Sold for $850. This amount does not include the buyer’s fee.

BITHYNIA, Nicomedia. Severus Alexander. AD 222-235. Æ (25mm, 9.96 g, 12h). Radiate, draped, and cuirassed bust right / Theseus standing left, head right, holding club and kneeling Minotaur by horns. Voegtli, p. 94; Corsten -; RG -; SNG von Aulock 784 (same dies); J.-P. Righetti Collection (Münzen und Medaillen AG 15), 426 (same dies). Good VF, light green patina, obverse pitted. Extremely rare.


From Group CEM.

Theseus, son of Aegeus, the king of Athens, was known for a number of heroic feats on the model of Hercules. The most famous of these feats was his slaying of the Minotaur. Because the city was a tributary subject to Minos, the king of Crete, it was forced each year to send seven youths and seven maidens to the Cretan capital of Cnossus to feed the Minotaur, a half-man, half-bull who lived in the Labyrinth. To liberate Athens from this humiliating tribute, Theseus connived with his father to join the next shipment of youths.
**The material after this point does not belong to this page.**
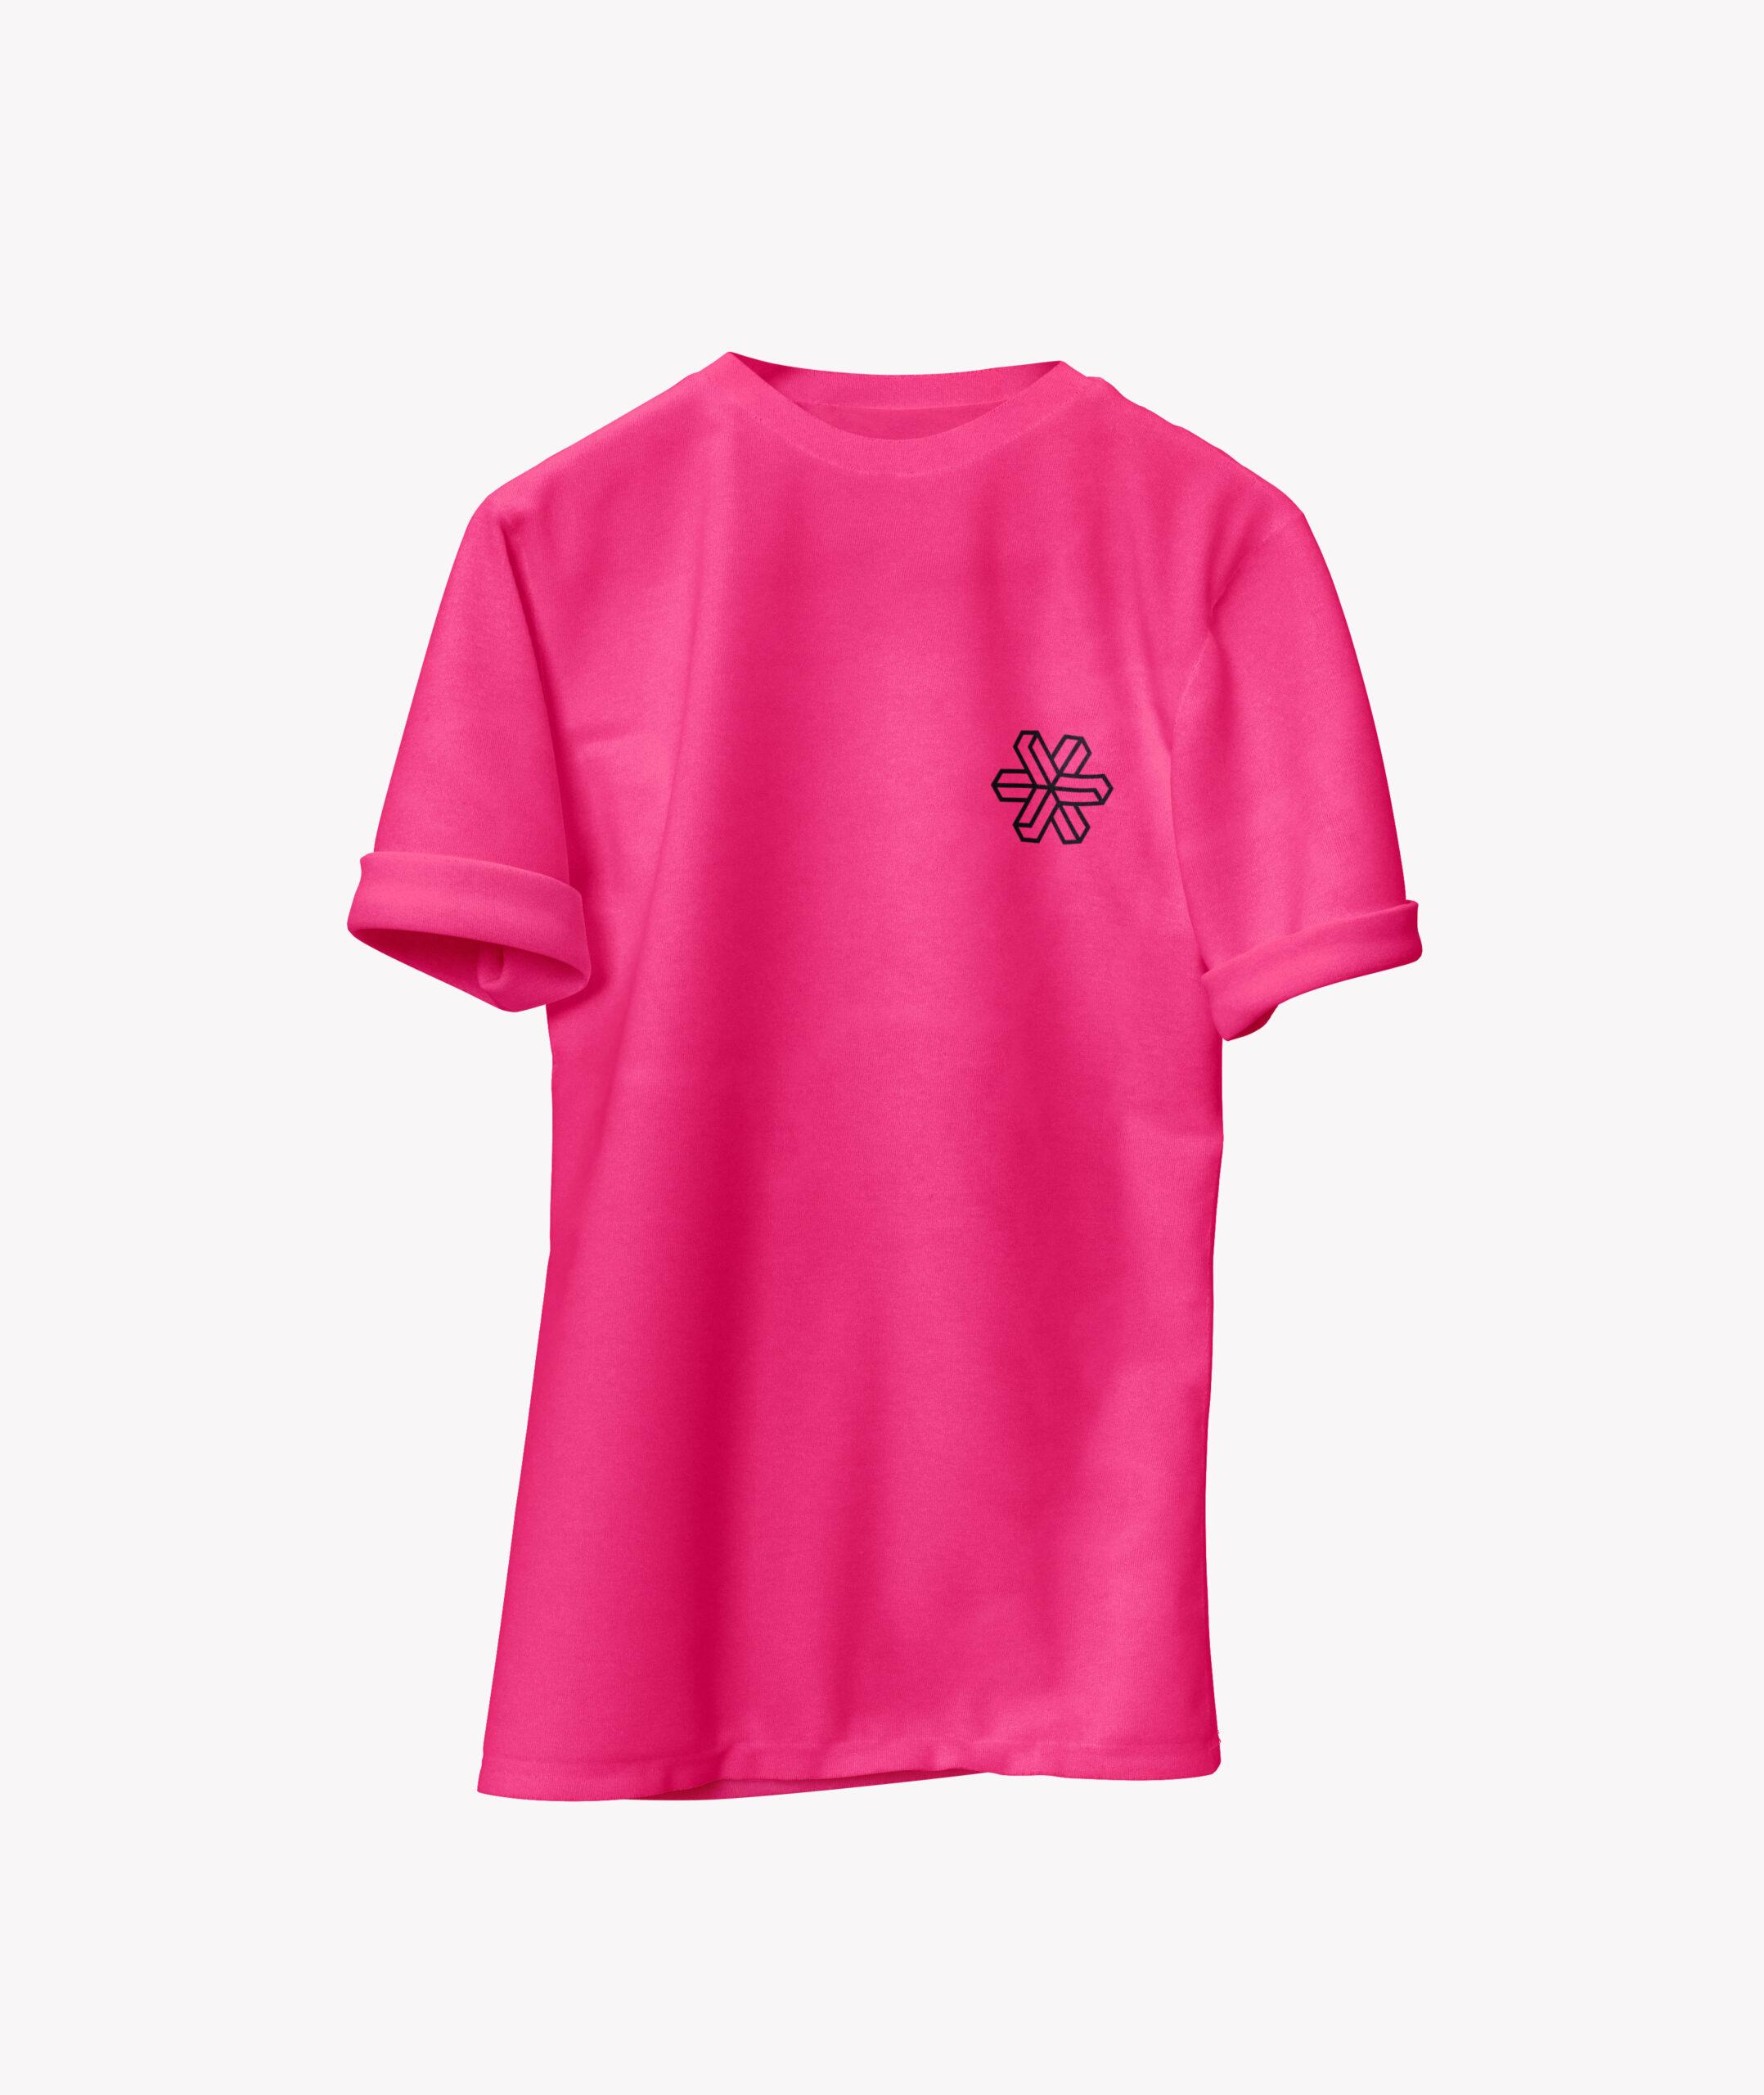 Edgeware t-shirt design in pink

Once in Crete, he would slay the Minotaur, free his fellow victims, and return home. If successful, his returning ship would bear a white sail; if not, the sail would remain the black with which he left. With the help of Minos’ daughter, Ariadne, who had developed a passion for him, Theseus entered the Labyrinth and slew the Minotaur. On his return voyage, however, Theseus forgot to replace the black sail, and Aegeus, seeing this, hurled himself in despair into the sea which now is called Aegean.